Trata-se, na verdade, de mulheres superexploradas e superdiscriminadas no mundo do trabalho, na vida e no plano dos direitos. Resta-lhes a inserção instável, marginal e precarizada na área de serviços, em funções que requerem conhecimentos básicos, mediante grande esforço físico, um conhecimento mínimo do português e a execução da tarefa.

Outro agravante para essas mulheres refere-se ao ritmo acelerado dos paulistanos, o qual se constitui em desafios a serem enfrentados pelas refugiadas, pois em seus países de origem os ritmos e as regras de trabalho obedecem a padrões culturais específicos, estabelecendo-se em um choque entre culturas.

Em síntese, as mazelas a serem superadas pelas mulheres refugiadas na cidade de São Paulo são muitas e diversas, cujas relações se apresentam de forma complexa.

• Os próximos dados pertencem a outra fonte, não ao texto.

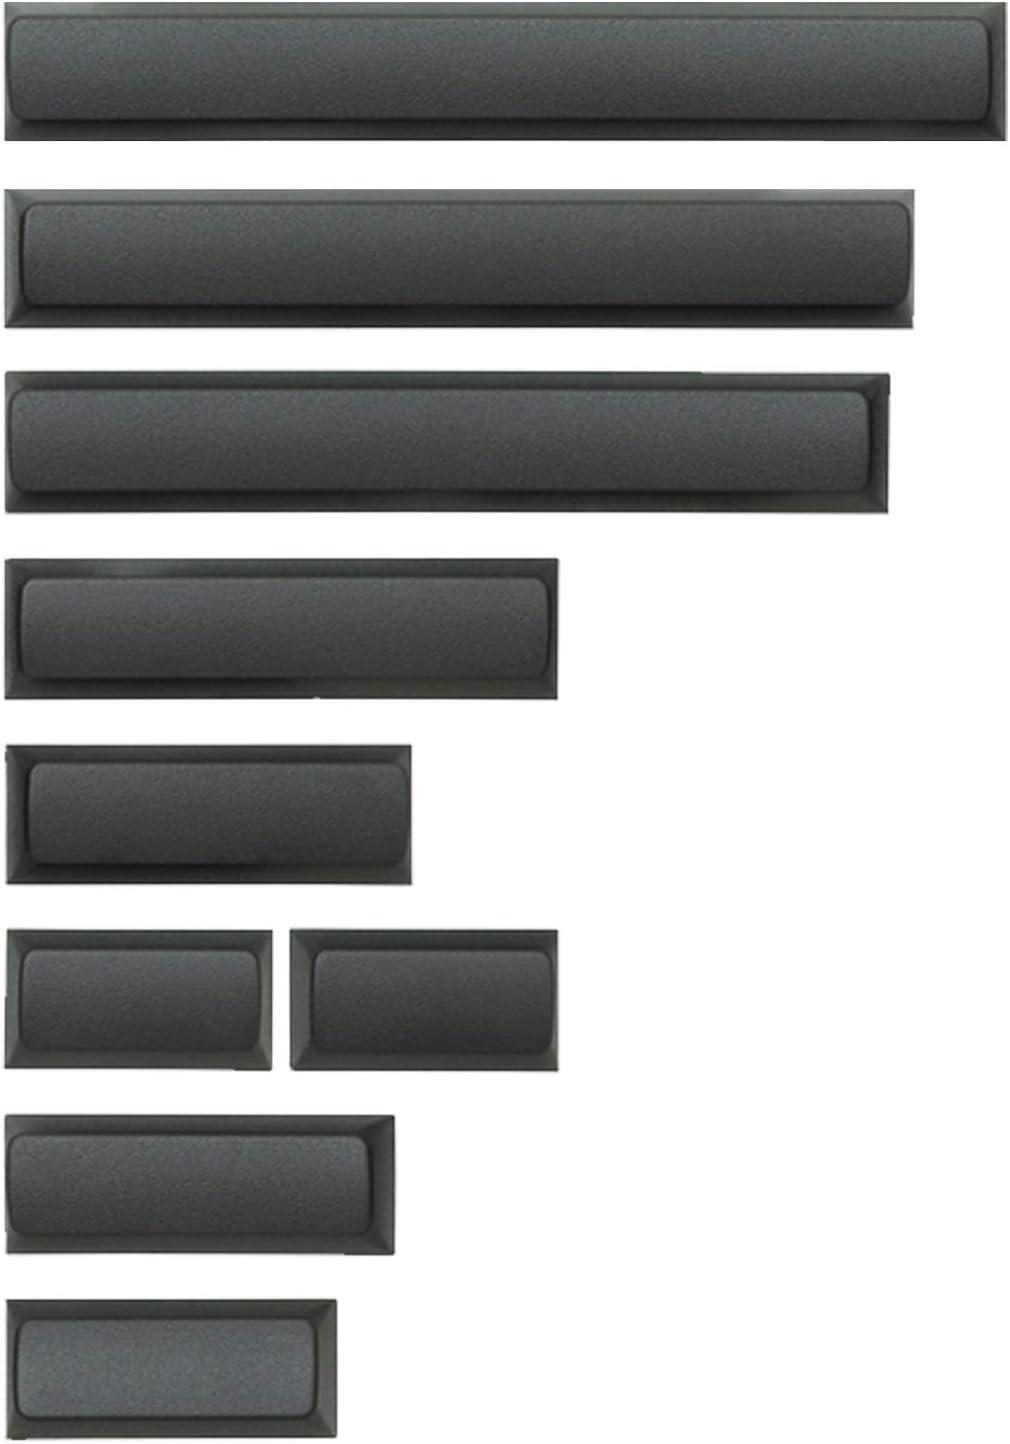 Drop + Matt3o MT3 Susuwatari Doubleshot ABS Keycap Set - Spacebars

Diante desse contexto e do aumento de refugiadas na capital paulistana, necessário se faz repensar acerca das condições existentes de trabalho, vida e assistência social às refugiadas. Essa entidade federativa, juntamente com o Estado tem obrigações em promover políticas públicas que atendam essas mulheres, propiciando-lhes condições dignas de trabalho, saúde, moradia, educação, assistência social para esse coletivo social.

Caso seja do interesse privado permanecer na oferta de seus serviços e colaborar com o Estado, há que se defender a permanência desse atendimento, uma vez que o Estado neoliberal minimiza seu potencial de investimento, delegando às organizações filantrópico-assistenciais parte de suas responsabilidades sociais.

Além disso, essas associações sempre atuaram em prol desse grupo social, suprindo o atendimento de responsabilidade do Estado, portanto que permaneçam, mas que o façam exigindo do Estado o cumprimento de suas funções, inclusive qualificando as diversas categorias de profissionais atuantes na área com a finalidade de implementar respostas para os vários problemas sociais vivenciados pelas mulheres refugiadas no Brasil.

No próximo capítulo, no intuito de aprofundar as reflexões até aqui expostas, adentra-se na metodologia e na análise dos dados em torno das condições de vida e de inserção da mulher refugiada no mercado de trabalho no município de São Paulo.

Naturalmente a ideologia dominante tem interesse em preservar o status quo, em que até as desigualdades mais patentes já estão estruturalmente entrincheiradas e garantidas. Em consequência, pode se permitir proclamar as virtudes dos arranjos “consensuais”, de “unidade orgânica” e participação, reivindicando para si, desse modo, também a

racionalidade evidente da “moderação” (dominante). No entanto, a ordem social que ela defende é necessariamente dilacerada por contradições e antagonismos internos.